In a general case, for example if your SmolStackWithDevice is not Unpin, you'd have to project the Pin like this:
unsafe {
let this = self.get_unchecked_mut();
match this {
Reader::Locking(f) => {
*this = Reader::Locked(ready!(Pin::new_unchecked(f).poll(cx)));
println!("acquired lock");
Pin::new_unchecked(this).poll_read(cx, buf)
}
Reader::Locked(l) => Pin::new_unchecked(&mut **l).poll_read(cx, buf),
}
}
Not sure how to encapsulate the unsafety, pin_project isn't enough here, as we also need to dereference the guard.
But this only acquires the lock once, and drops it when the Reader is dropped, so, great success.

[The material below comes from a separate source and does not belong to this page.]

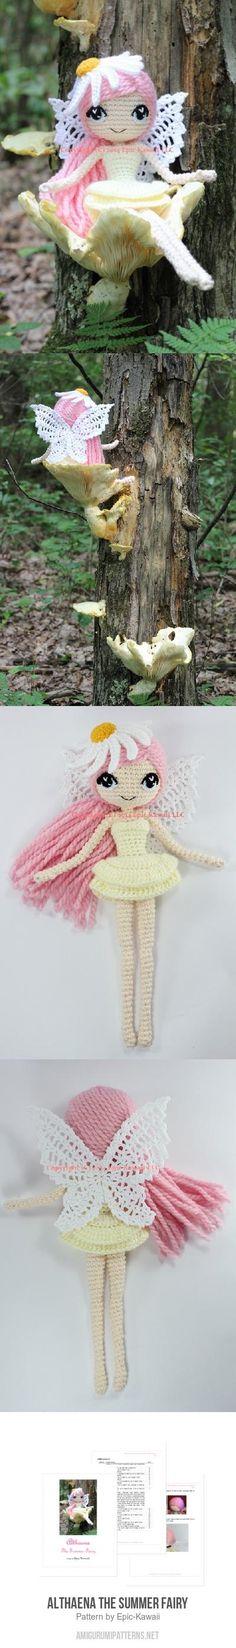 Althaena the Summer Fairy amigurumi pattern

You can also see that it doesn't deadlock if you do
let mut r1 = s.read();
let mut r2 = s.read();
r1.read_exact(&mut buf[..3]).await.unwrap();
drop(r1);
r2.read_exact(&mut buf[3..]).await.unwrap();
println!("{}", String::from_utf8_lossy(&buf));
This is only possible because we deferred locking until polling.